Association rule mining typically produces large numbers of rules, thereby creating a second-order data mining problem: which of the generated rules are the most interesting? And: should interestingness be measured objectively or subjectively? To tackle the amount of rules that are created during the mining step, the authors propose the combination of two novel ideas: first, there is rule change mining, which is a novel extension to standard association rule mining which generates potentially interesting time-dependent features for an association rule. It does not require changes in the existing rule mining algorithms and can therefore be applied during post-mining of association rules. Second, the authors make use of the existing textual description of a rule and those newly derived objective features and combine them with a novel approach towards subjective interestingness by using relevance feedback methods from information retrieval. The combination of these two new approaches yields a powerful, intuitive way of exploring the typically vast set of association rules. It is able to combine objective and subjective measures of interestingness and will incorporate user feedback.
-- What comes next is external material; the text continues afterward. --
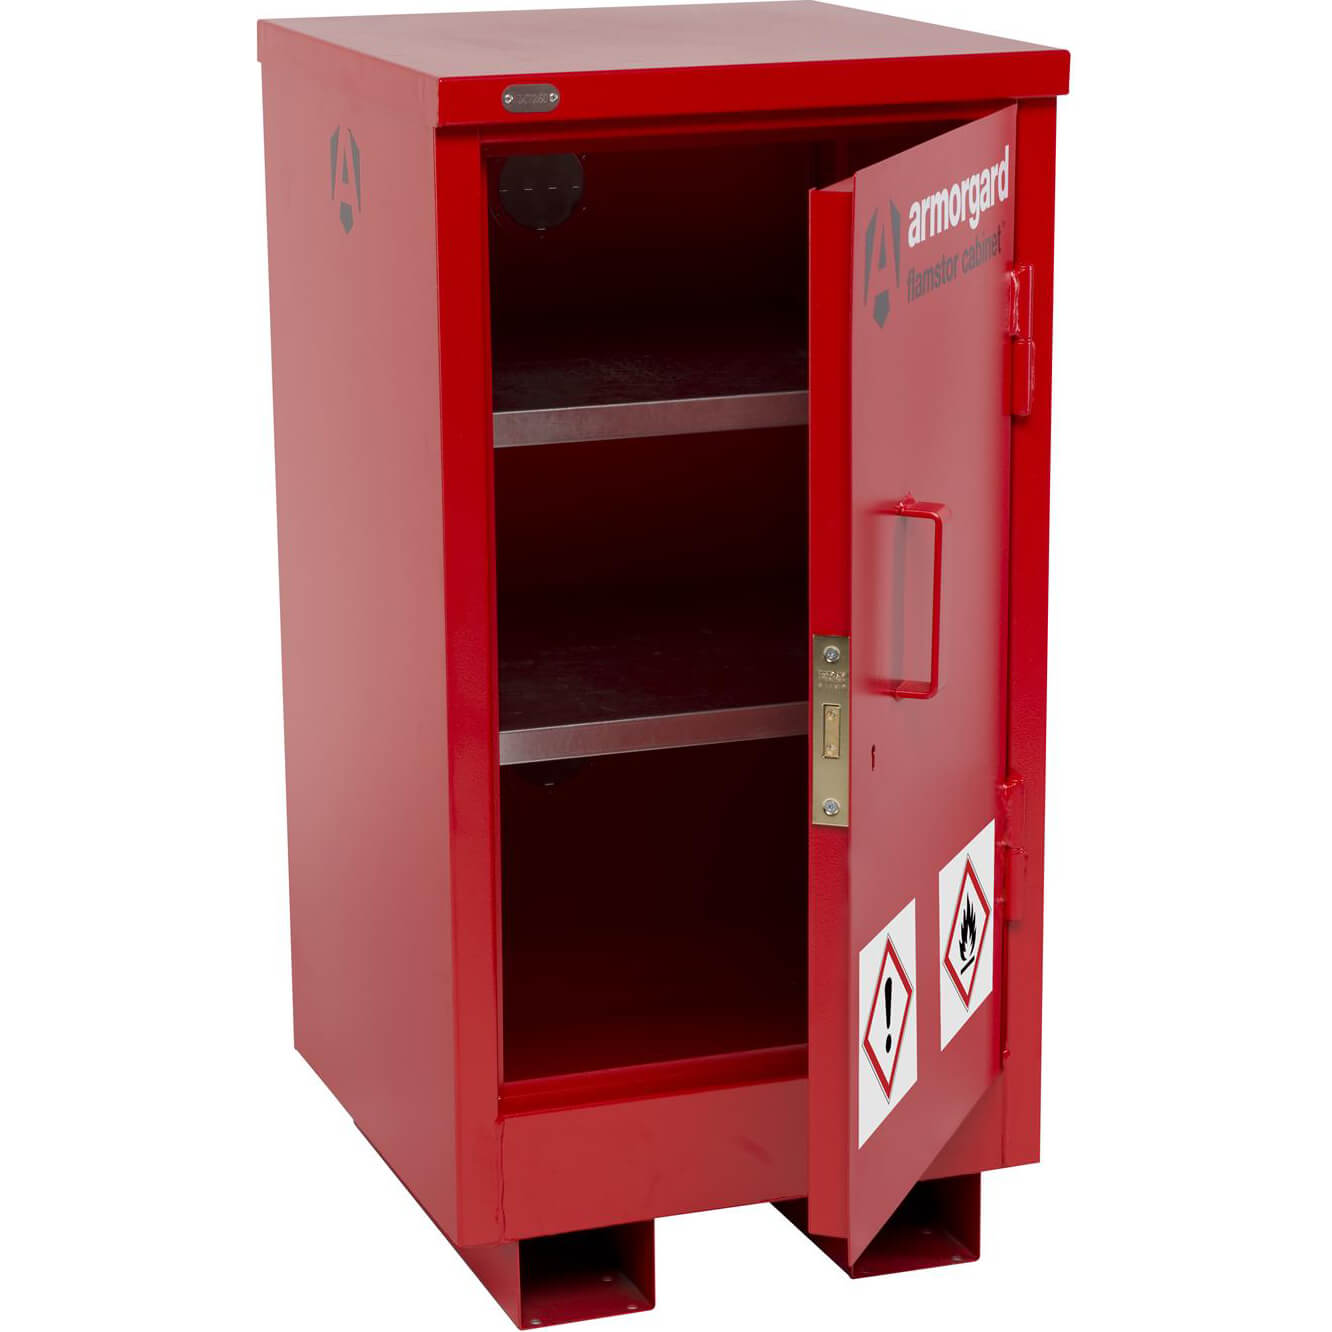 Photo of Armorgard Flamstor Chemical And Flammables Hazardous Cabinet 500mm 530mm 980mm

Hence, it increases the probability of finding the most interesting rules given a large set of association rules.
Nowadays, the discovery of association rules is a relatively mature and well-researched topic. Many algorithms have been proposed to ever faster discover and maintain association rules. However, one of the biggest problems of association rules still remains unresolved. Usually, the number of discovered associations will be immense, easily in the thousands or even tens of thousands. Clearly, the large numbers make rules difficult to examine by a user. Moreover, many of the discovered rules will be obvious, already known, or not relevant.
For this reason a considerable amount of methods have been proposed to assist a user in detecting the most interesting or relevant ones. Studies about interestingness measures can roughly be divided into two classes: objective and subjective measures. Objective (data-driven) measures are usually derived from statistics, information theory or machine learning and assess numerical or structural properties of a rule and the data to produce a ranking. In contrast to objective measures, subjective (user-driven) measures incorporate a user’s background knowledge and mostly rank rules based on some notion of actionability and unexpectedness.
In spite of a multitude of available publications the problem of interestingness assessment still is regarded as one of the unsolved problems in data mining and still experiencing slow progress (Piatetsky-Shapiro, 2000). The search for a general solution is one of the big challenges of today’s data mining research (Fayyad et al., 2003). Existing approaches for interestingness assessment have several shortcomings which render them inadequate for many real-world applications.
Nonetheless, objective and subjective measures both have their justification to be used within the process of interestingness assessment. Objective measures help a user to get a first impression at what has been discovered and to obtain a starting point for further exploration of the rule set. This exploration step can then be accomplished by methods for subjective interestingness assessment. Ideally, the interestingness assessment of association rules should therefore be seen as a two step process. It is clear that for this process to be optimal it is necessary that both, the calculus used for the objective and the subjective rating, are based on the same notion of interestingness. Nevertheless, most approaches for objective and subjective ratings have been developed independently from each other with no interaction in mind such that the information utilized for the objective is neglected for the subjective rating. In fact, approaches rarely do fit together.
In this article we discuss a framework which combines objective and subjective interestingness measures to a powerful tool for interestingness assessment and addresses the problems mentioned above. Our framework incorporates several concepts which only recently have been introduced to the area of interestingness assessment: rule change mining and user dynamics. In particular, we show how to analyse association rules for changes and how information about change can be used to derive meaningful and interpretable objective interestingness measures. Based on the notion of change, we discuss a novel relevance feedback approach for association rules. We relate the problem of subjective interestingness to the field of Information Retrieval where relevance estimation is a rather mature and well-researched field. By using a vector-based representation of rules and by utilizing concepts from information retrieval we provide the necessary tool set to incorporate the knowledge about change into the relevance feedback process.